Stored data:
Content starts

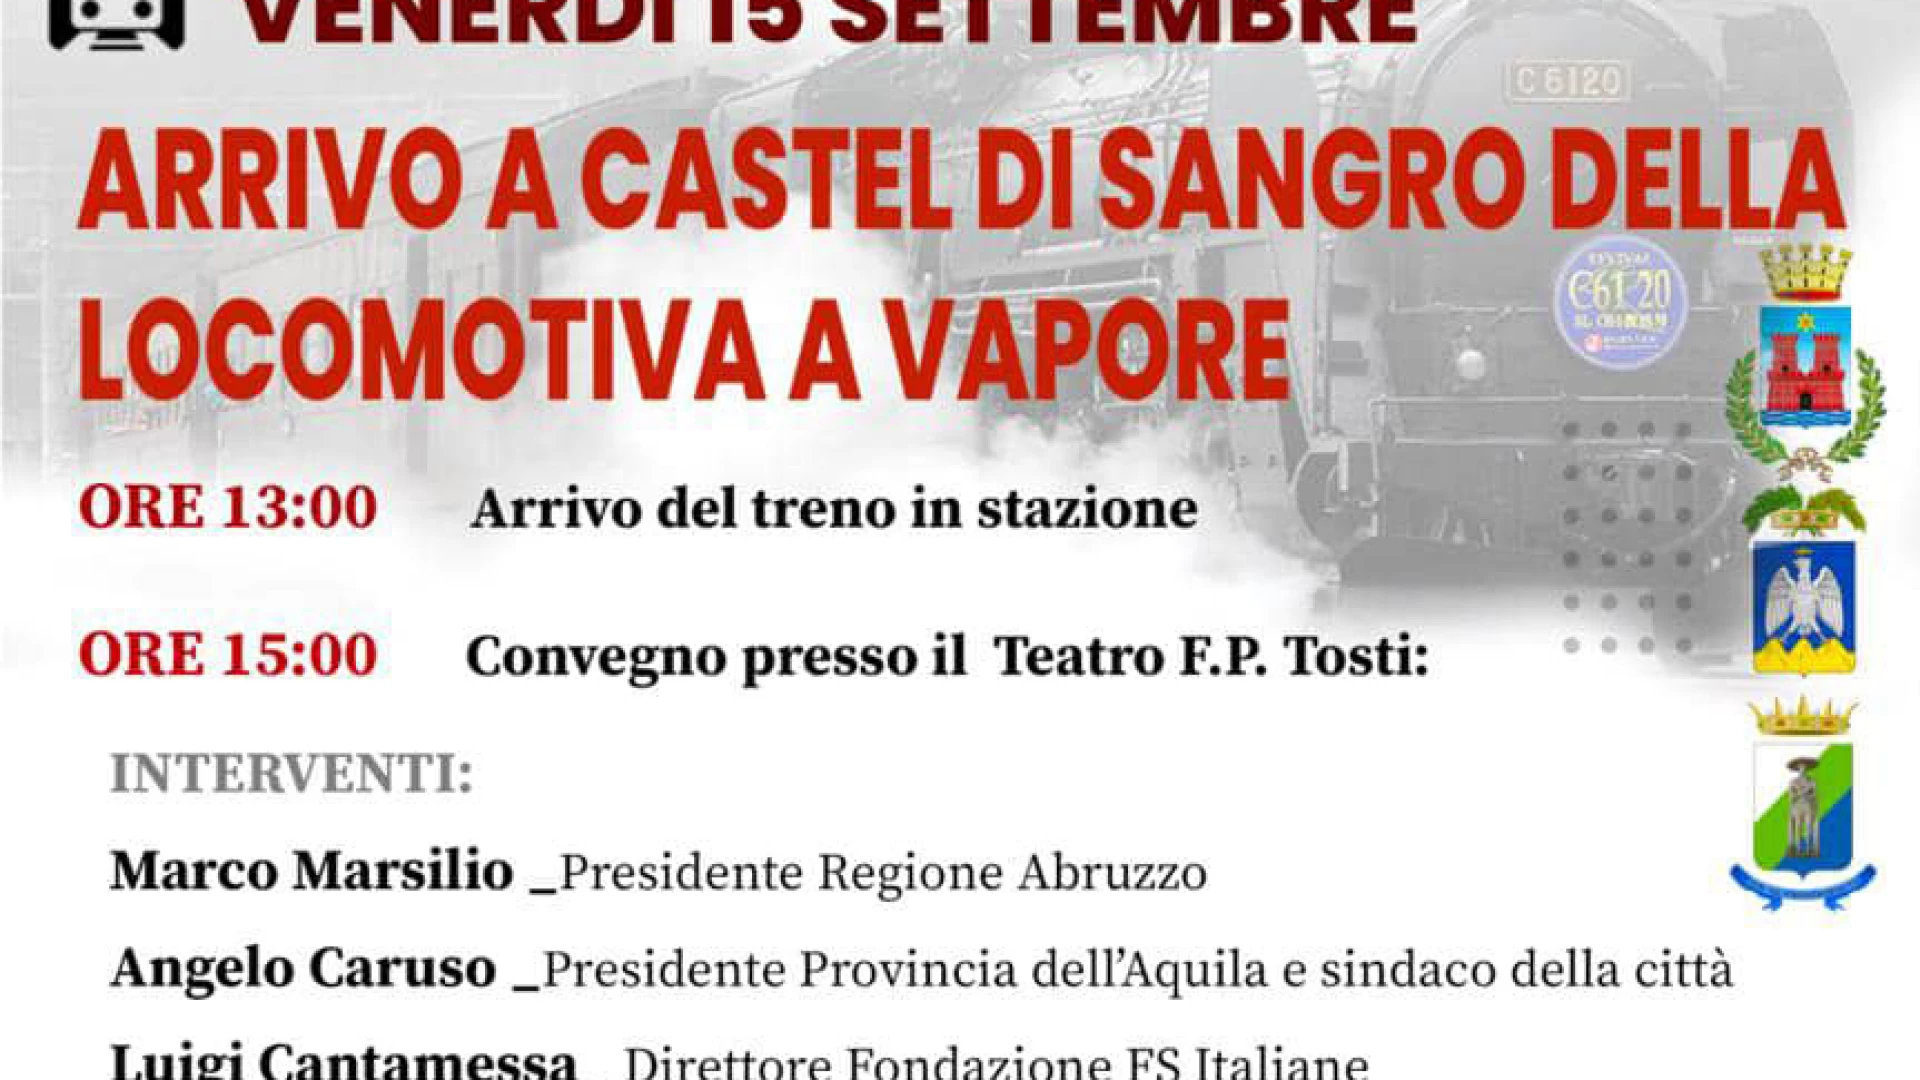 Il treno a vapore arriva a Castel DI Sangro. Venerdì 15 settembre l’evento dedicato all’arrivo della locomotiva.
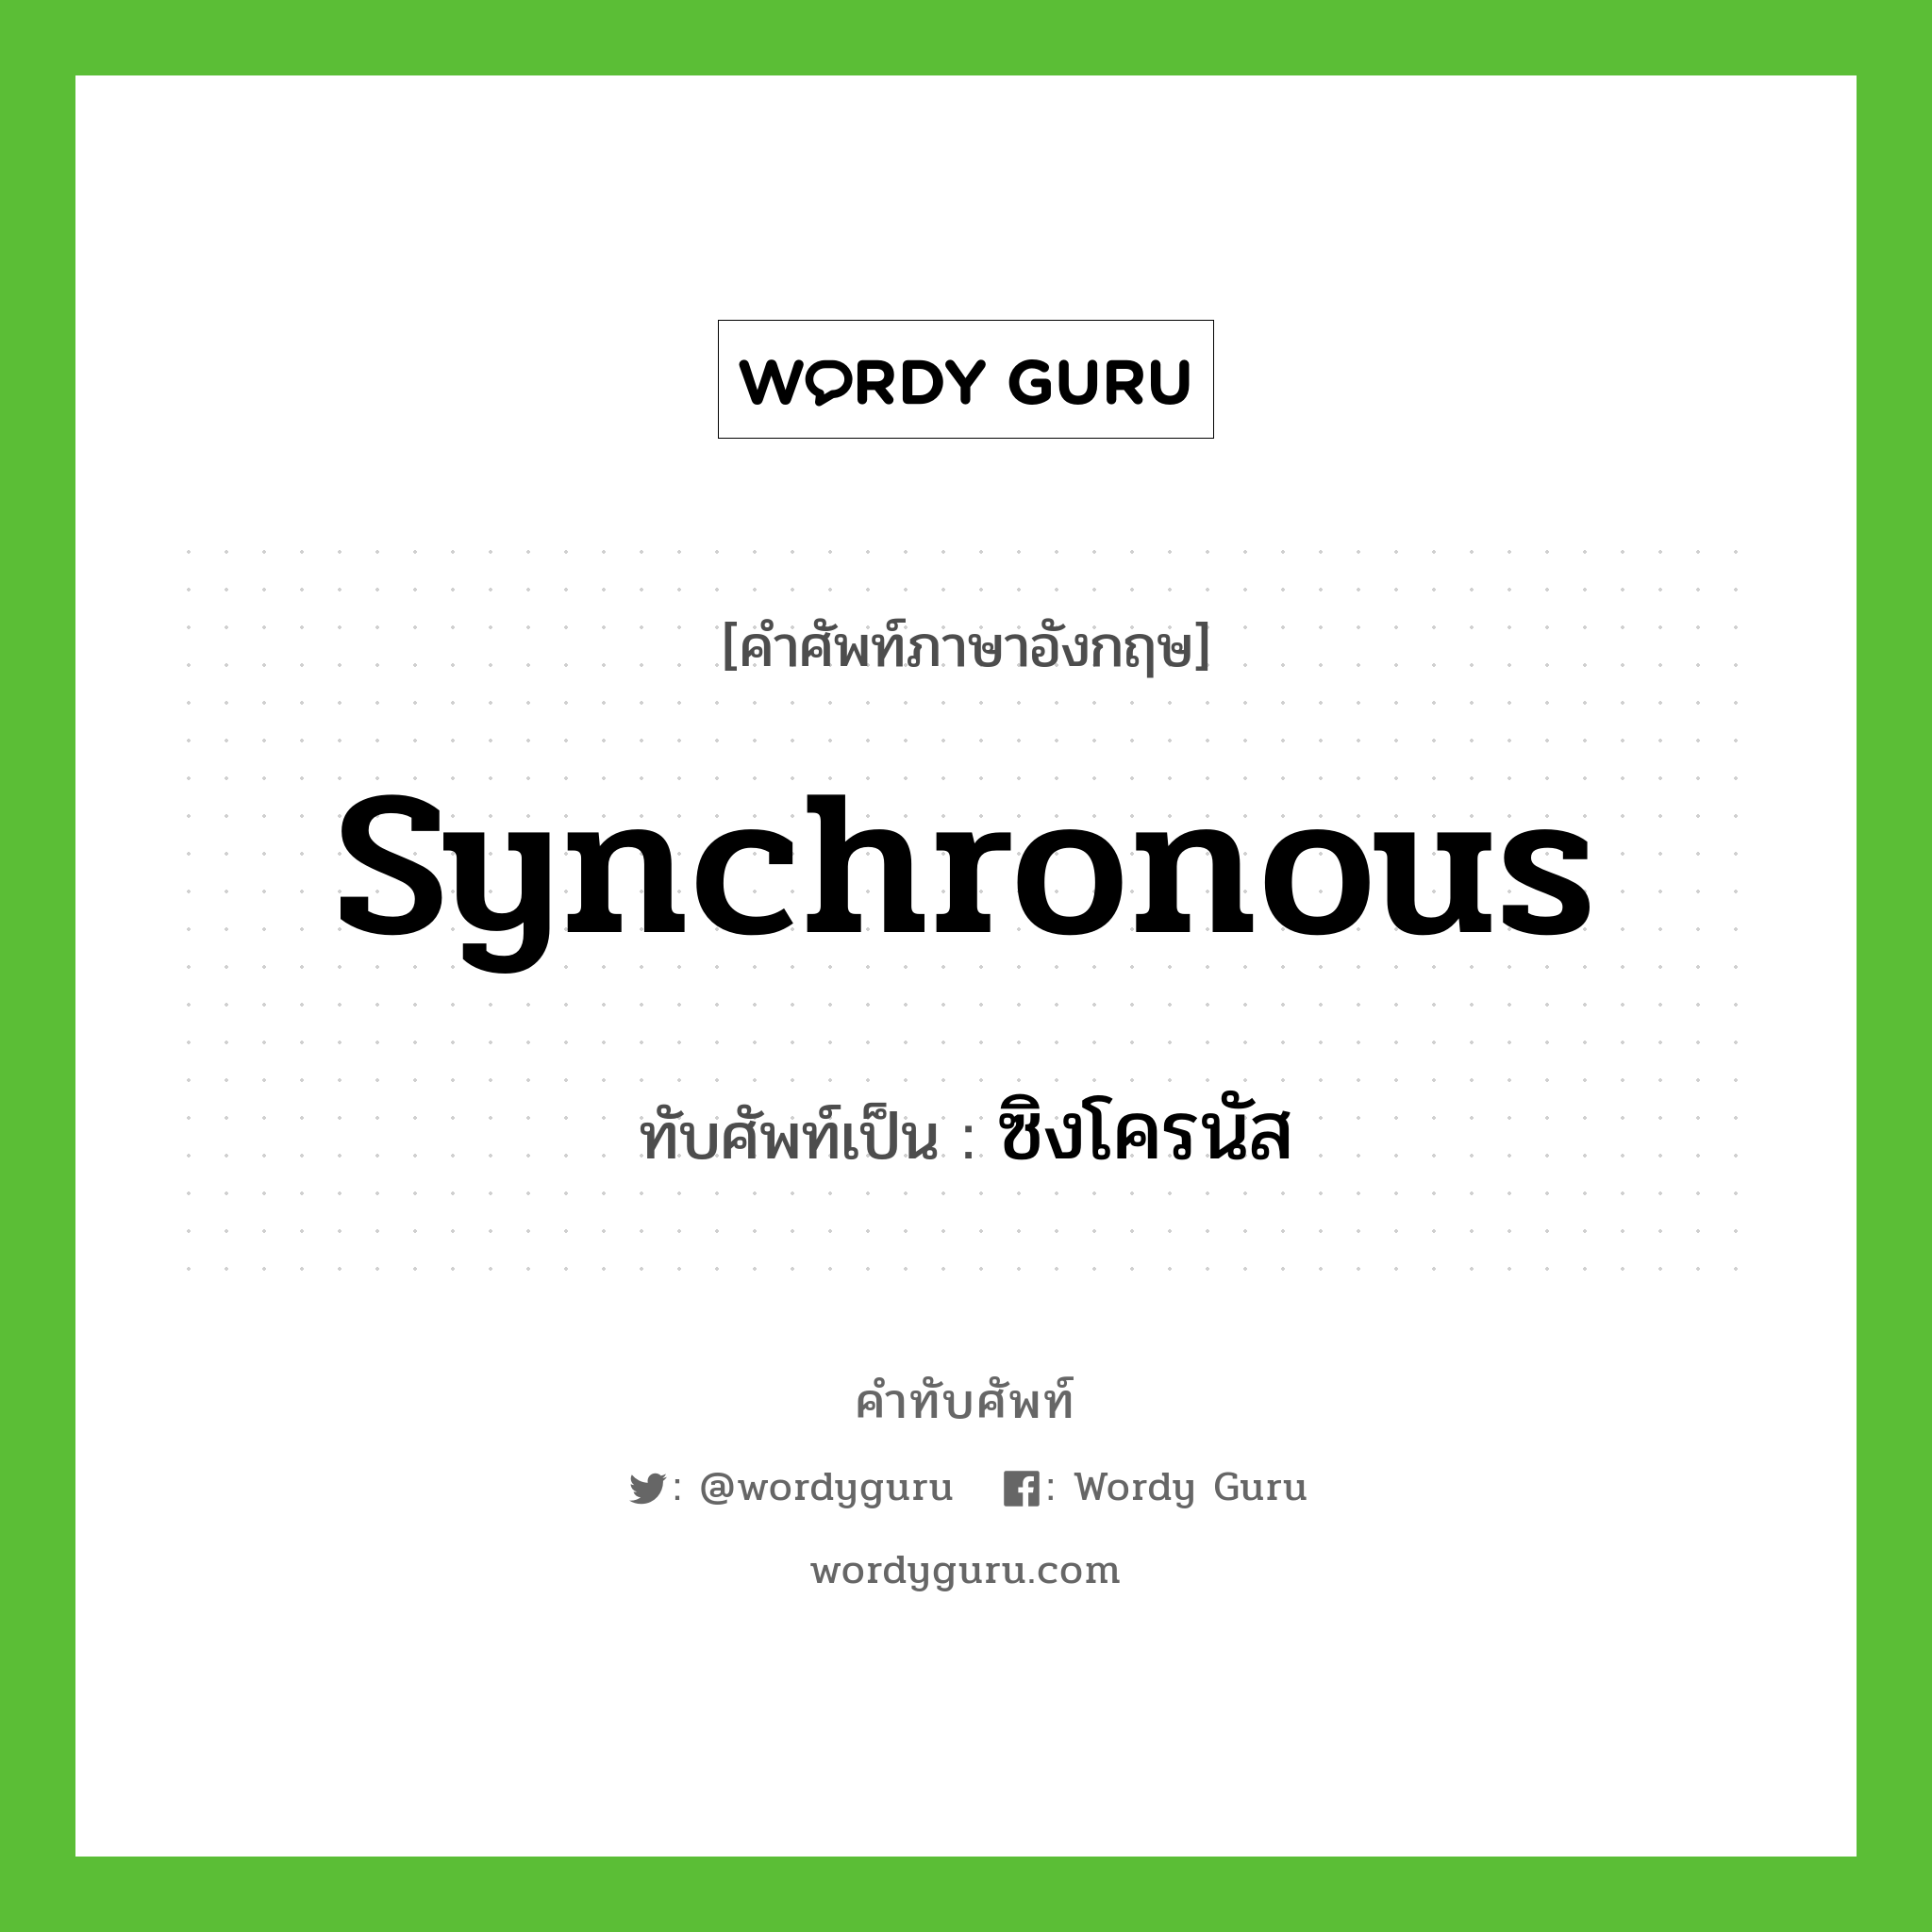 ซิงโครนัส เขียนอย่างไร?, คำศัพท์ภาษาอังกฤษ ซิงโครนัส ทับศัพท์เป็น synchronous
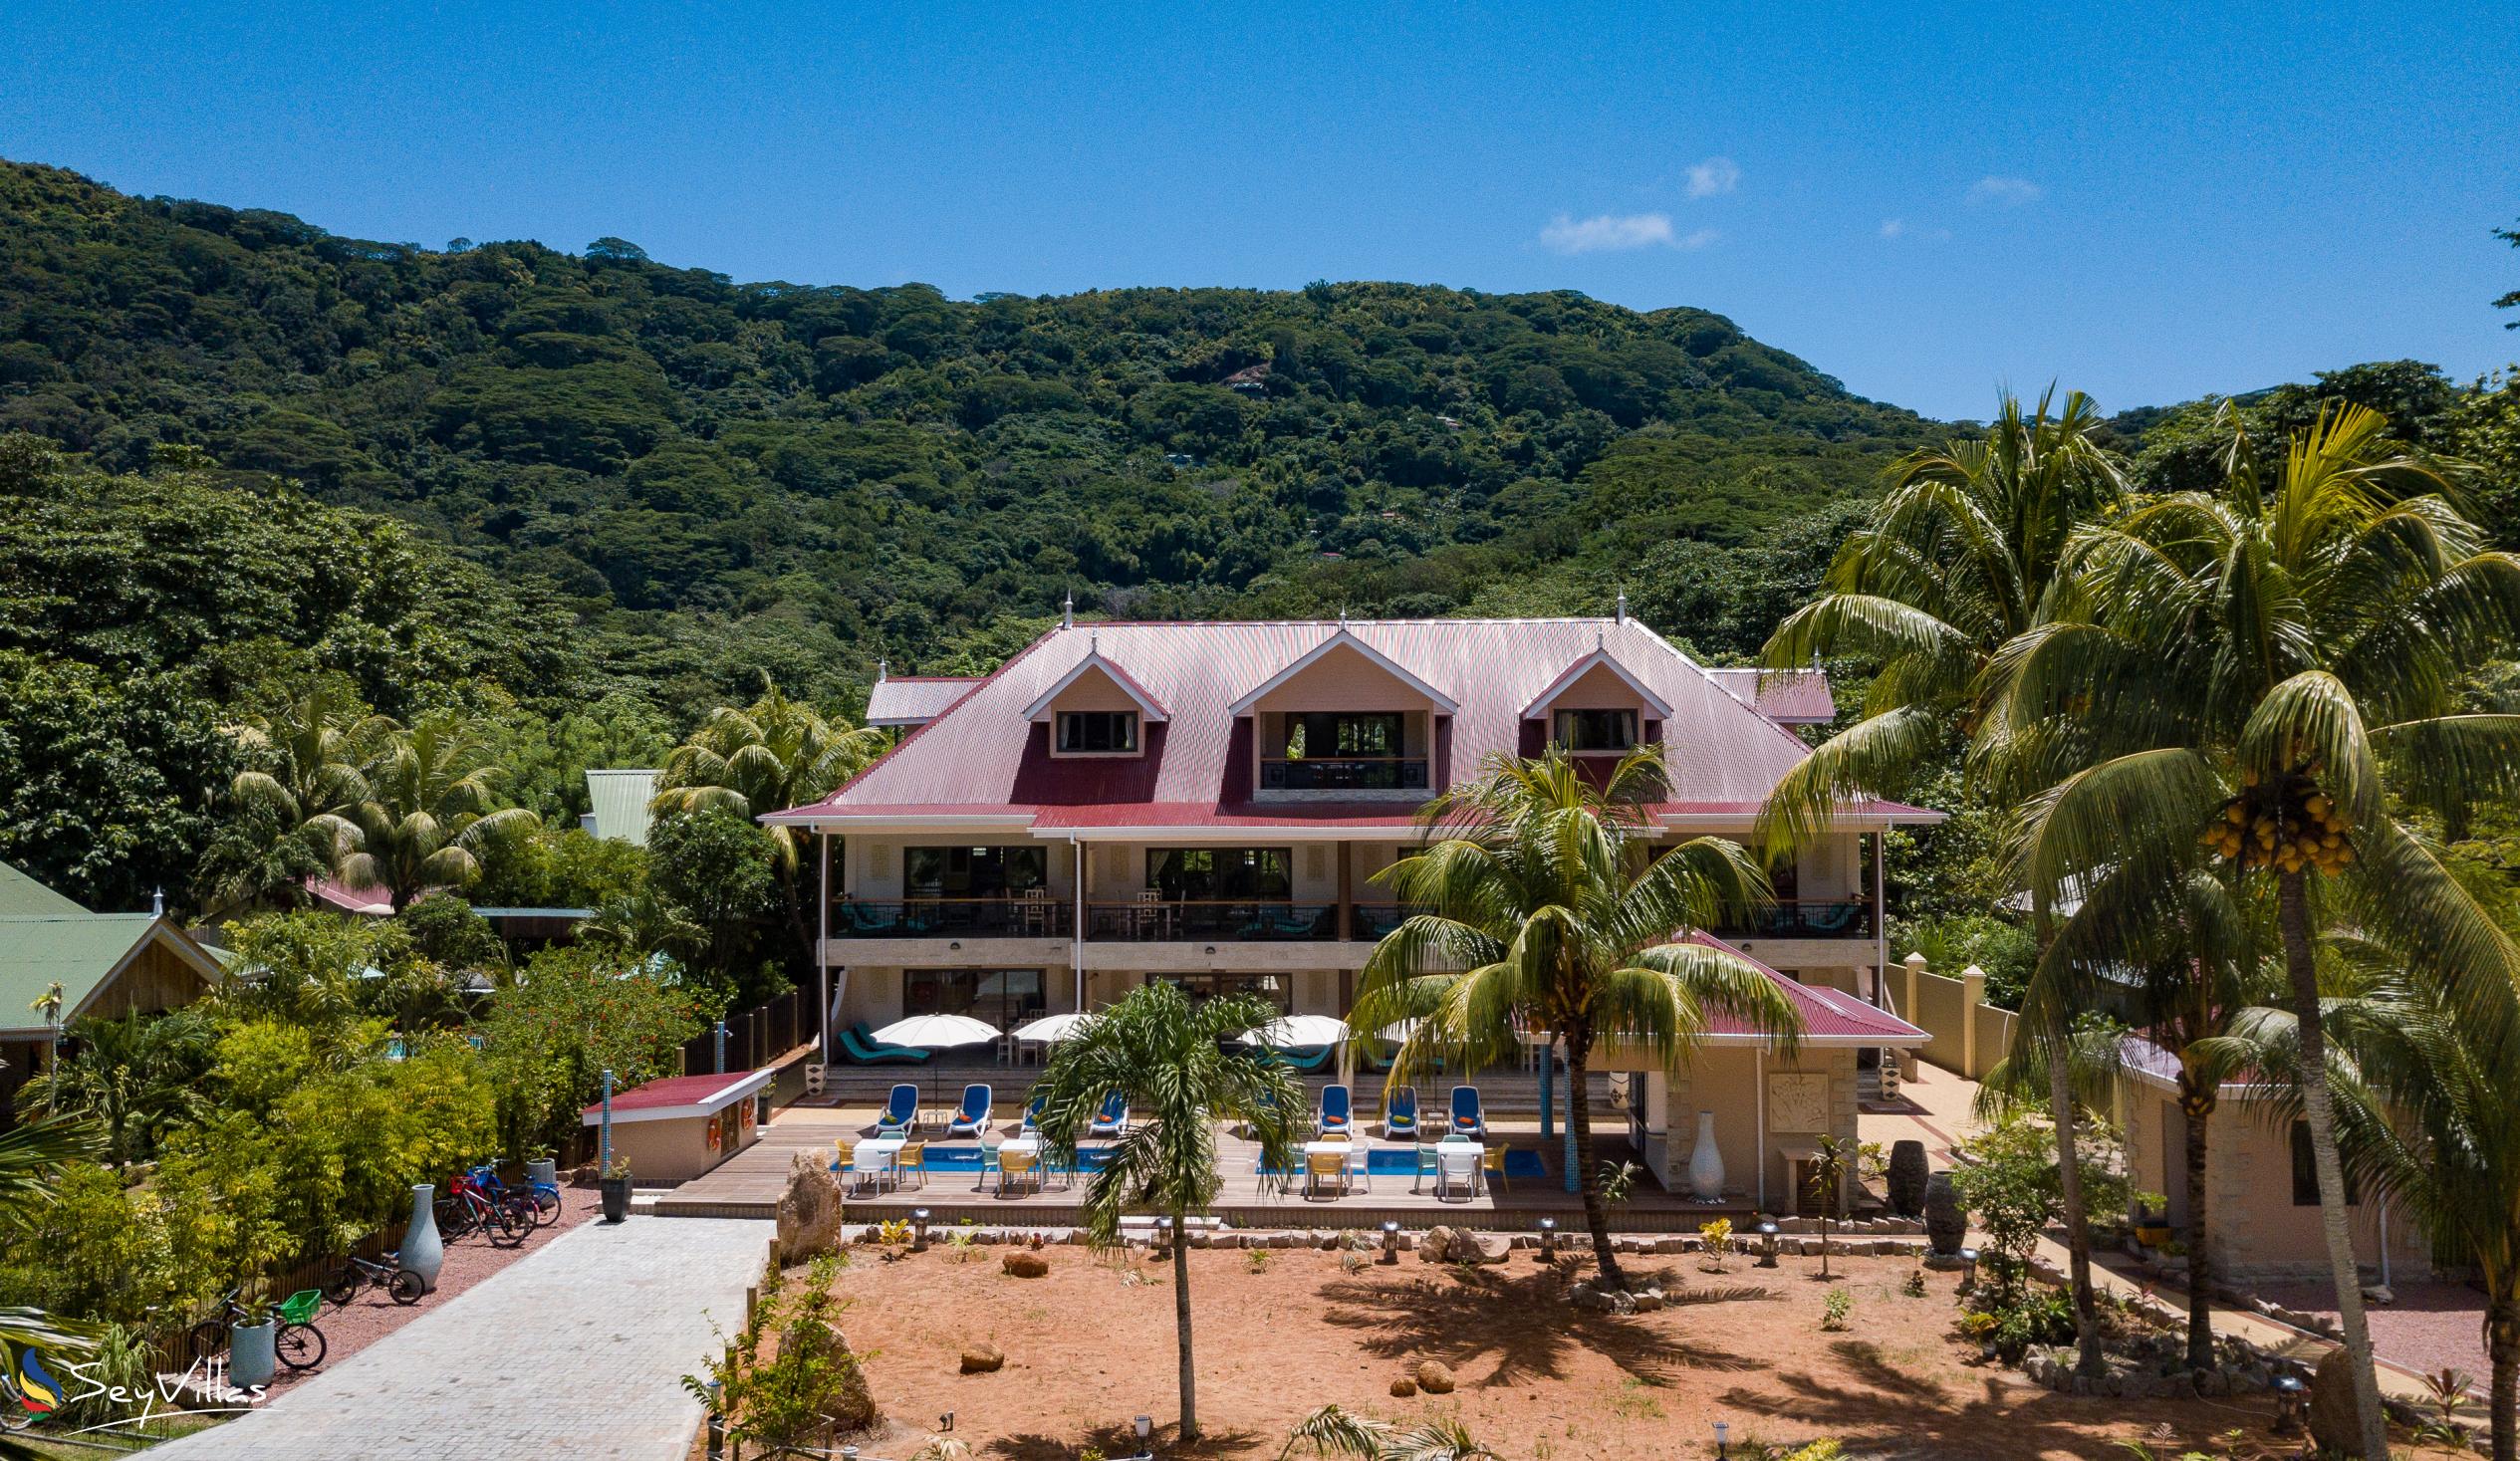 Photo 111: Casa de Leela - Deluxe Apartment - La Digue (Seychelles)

Content ends

Task item: With images left out, the data must be transcribed exactly.

Solution for this exercise:
 Il treno a vapore arriva a Castel DI Sangro. Venerdì 15 settembre l’evento dedicato all’arrivo della locomotiva.
 ซิงโครนัส เขียนอย่างไร?, คำศัพท์ภาษาอังกฤษ ซิงโครนัส ทับศัพท์เป็น synchronous
 Photo 111: Casa de Leela - Deluxe Apartment - La Digue (Seychelles)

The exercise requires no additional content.